Japanese Treaties After World War II

After World War II, the 1951 Treaty of San Francisco officially declared peace between the Allied Powers and Japan. In this treaty, the war was officially ended, Japan was stripped of its military power, and reparations were awarded to countries that had been subject to Japanese war crimes. However, Japan executed several other treaties with its Asian neighbors in the years after the San Francisco Peace Treaty. These included “Treaty of Peace between the Republic of China and Japan” (1952), “Treaty on Basic Relations between Japan and the Republic of Korea” (1965), and “Treaty of Peace and Friendship between Japan and the People’s Republic of China” (finalized in 1978).

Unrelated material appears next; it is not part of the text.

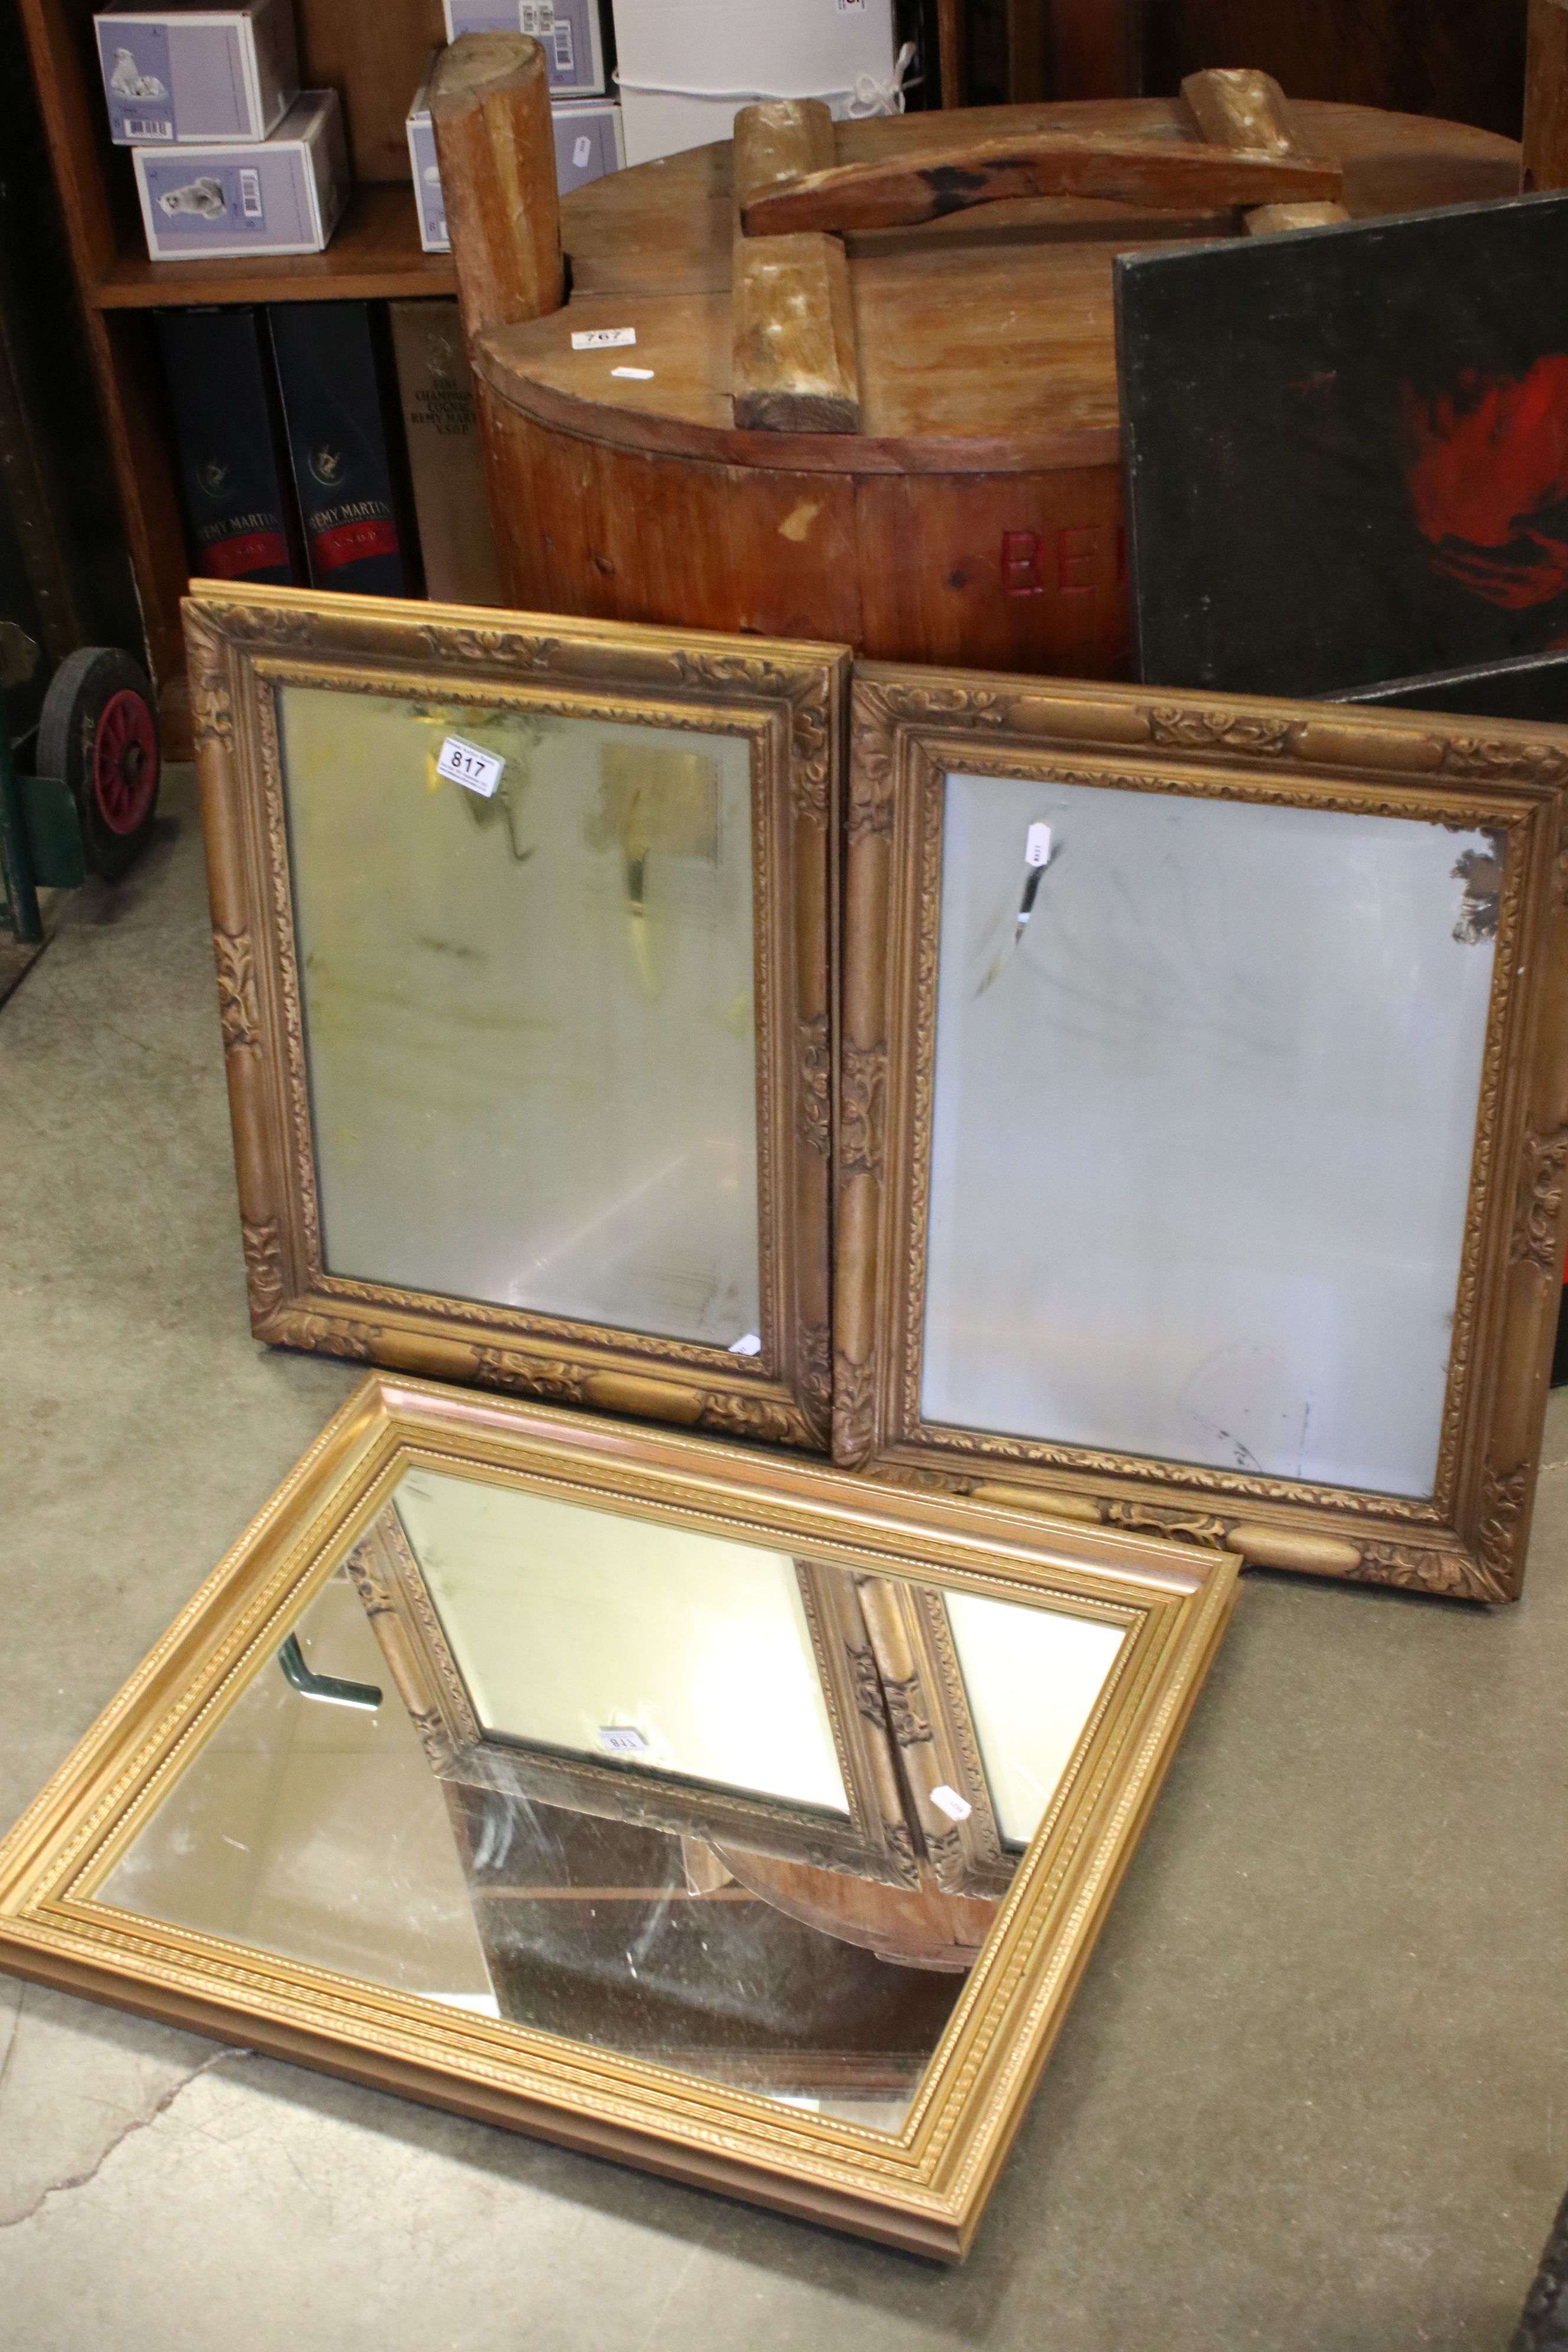 Pair of Rectangular Gilt Framed Mirrors, 44cms x 54cms together with another Gilt Framed Mirror

The three treaties were similar in that they all agreed to the principles of the United Nations Charter, all three addressed the issues of trade, aviation, shipping, and fishing, and each treaty normalized relations between the two countries that signed it. However, there were also differences among Japan’s treaties with the three countries, and the differences were the result of historical relationships between the two countries involved. Japan did not have identical histories with Taiwan, Korea, and China; therefore each treaty addressed issues that had occurred in the past between the two appropriate countries.

For example, two of the three post-WWII treaties mentioned that earlier treaties were null and void, while one did not. One treaty specifically stated that neither country would attempt to gain regional domination, while the other two did not. Finally, the Chinese treaty acknowledged the damages done by Japan to the people of China, while the treaties with Taiwan and Korea did not. In each case, the difference was related directly to the historical relationship between the two countries.

The treaties between Japan and Taiwan and between Japan and Korea specifically stated that all treaties prior to a particular date were null and void. Article II of “Treaty on Basic Relations between Japan and the Republic of Korea” indicated “It is confirmed that all treaties or agreements concluded between the Empire of Japan and the Empire of Korea on or before August 22, 1910 are already null and void.” The date given, August 22, 1910, was the date on which Korea was annexed by Japan. This annexation was forced gradually on Korea as the culmination of the unilateral Kanghwa treaty of 1876, increasingly unfair trade agreements, and the Japan-Korea Protection (Eulsa) Treaty of 1905. Thus, it was important for the post-World War II Japan-Korea treaty to include particular mention of this past Japanese aggression.

Similarly, the “Treaty of Peace between the Republic of China and Japan” executed in 1952 stated, “It is recognized that all treaties, conventions, and agreements concluded before 9 December 1941 between Japan and China have become null and void as a consequence of the war.” Japan had acquired Taiwan, Penghu, and other island properties after the First Sino-Japanese War, which ended with Japanese victory in 1895. The Treaty of Shimonoseki, executed in April, 1895, acknowledged Korea’s independence and gave Taiwan, plus the additional land indicated above, to Japan. Japan aggressively made use of the residents of Korea and Taiwan to its own benefit as a consequence of these two treaties. Although treaties with China had also allowed brutalization of the Chinese people, the treaties were not mentioned in the later peace accords with the People’s Republic of China.

Another difference in the three treaties is the subject of regional domination. The treaties between Japan and Korea, and between Japan and Taiwan, made no mention of seeking regional domination or hegemony, while the joint communiqué and treaty between Japan and the People’s Republic of China emphasized that neither would attempt to achieve hegemony in the area. The inclusion of this point in the treaty was based on the history of Japan and China in East Asia – beginning in the latter half of the 19th century, the modernized Japanese military began to take over the nearby islands and parts of mainland China. Because the Japanese military had more efficient weapons and techniques of warfare, they were able to win the First Sino-Japanese war in 1895. Between 1895 and 1931, Japan fought with Russia over supremacy in East Asia. Japan gained greater areas of Manchuria and, in 1931, set up the puppet government of Manchukuo. This was followed by the Second Sino-Japanese War in 1937. Thus, Japan had a long record of trying to achieve hegemony in East Asia. This record had to be addressed by the treaty with China.

The treaties with Taiwan and Korea did not acknowledge Japanese crimes against the citizens of those countries. Japan had occupied the two countries and required hard work from the people, but the massacres that occurred in China (especially Manchuria) did not occur in the smaller countries. Japan had been very harsh towards China, killing many people and committing numerous war crimes. Thus, the Treaty between Japan and the People’s Republic of China had to acknowledge damages done to the people of the country.

An examination of the treaties executed by Japan with its neighbors (Taiwan, Korea, and China) reflects the historical precedents and events between each pair of countries. These additional treaties (after the Treaty of San Francisco) were required due to Japan’s previous aggression, attempts at regional domination, and genocide.